As he also owned lands in at least one other parish, Pevensey, Thomas Day must have been Chiddingly’s richest inhabitant; but one who, perhaps, ran him close was Thomas Guy of Place House. The 1821 Census describes him merely as a “farmer” but he owned the 248 acres he farmed and it seems that he also owned another somewhat smaller farm called Hylands half a mile westwards down the lane. At Place House, Thomas Guy’s household consisted of his wife, Mary, aged 43 – he himself was 55 – five children aged 2,4,6,8 and 10 and four servants: Richard Jenner (20), William Reed (18), Phillis Guy(11) and Frances Deacon (17), who was a younger sister to the Elizabeth over whom Richard Lower had quarreled with the Vestry in 1812. The farmhands needed to work nearly 250 acres were not included in the household. He also had a lodger who, from her age – 79 – and from her name - Mary Guy - seems to have been his mother. Down the lane at Hylands, the farmer listed as the head of household was Thomas Guy Junior, aged 18. It is too much of a coincidence not to conclude that he was Thomas Senior’s son, especially as the female Guy in his household was his sister, 19-year-old Mary (named after her mother and grandmother?).
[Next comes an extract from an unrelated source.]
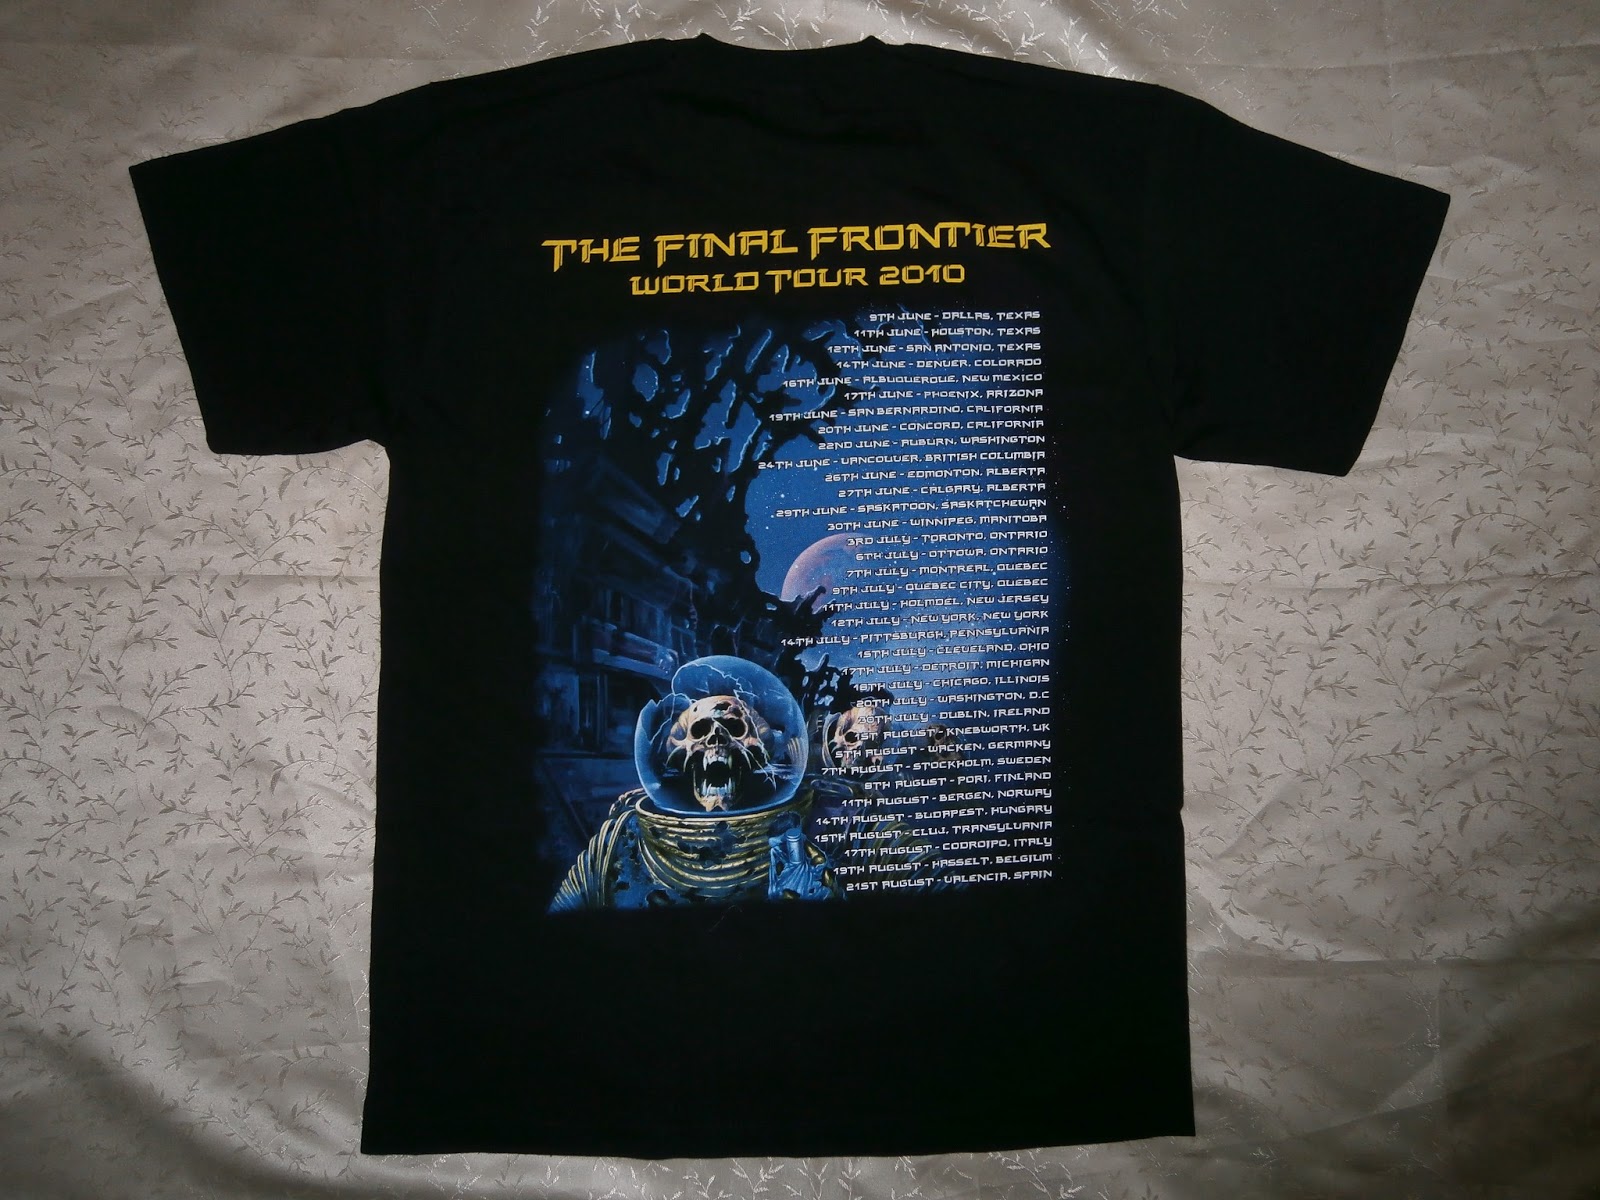 Koleksi Biasa: New T-shirt Iron Maiden Final Frontier Tour 2010

The Hylands establishment supported three servants: Jonathan Richardson, aged 30, Richard Roser, aged 26, and Sophia Brooks, aged 19, who six years earlier had been “put out” to Richard Lower as a pauper child. By 1851, the Census was describing Thomas Guy Senior, not as a “farmer” but as a “landed proprietor”. He had, it seems, achieved gentlemanly status.

Besides the Thomases – Day and Guy – two other Chiddingly farmers owned large tracts of land and farmed it themselves: Richard Hicks of Hilder’s House, with 303 acres; and James Lade of Stream Farm, with 301 acres, although ownership and occupation of the latter passed shortly after 1821 to Robert Reeves. There were also two yeomen who owned smaller tracts of land – some 40 to 60 acres freehold. These apart, most others described in the Census as farmer rented the land they farmed, but this did not mean that necessarily they were not comfortably off or even rich. Indeed, the person who farmed more land in the parish than anyone else was, somewhat surprisingly, a woman- a 64-year-old widow named Elizabeth Funnell. Even if, in practice, Park House Farm was managed by her 24-year-old son Walter, she is the one who is described in the Census as “farmer”. Beside Walter, she had two children still living at home – Mary (27) and Trayton (23) – and a grandchild, Mary Ann (12) and supported four servants: Dinah Coleman (19), Jesse Robards (16), Eliza Reed (11) and William Parks (11). Clearly again, these servants were not the hands who actually worked the farm’s over 400 acres.

Elizabeth Funnell, however, did not own Park House Farm. She rented it from the Earl of Plymouth who owned 470 acres of Chiddingly land of which he retained for his own use only a small area of woodland. He had probably acquired the land in the first instance through marrying Mary Sackville, a member of one of the richest and most powerful families in Sussex and sister to its then head, the 5th Duke of Dorset.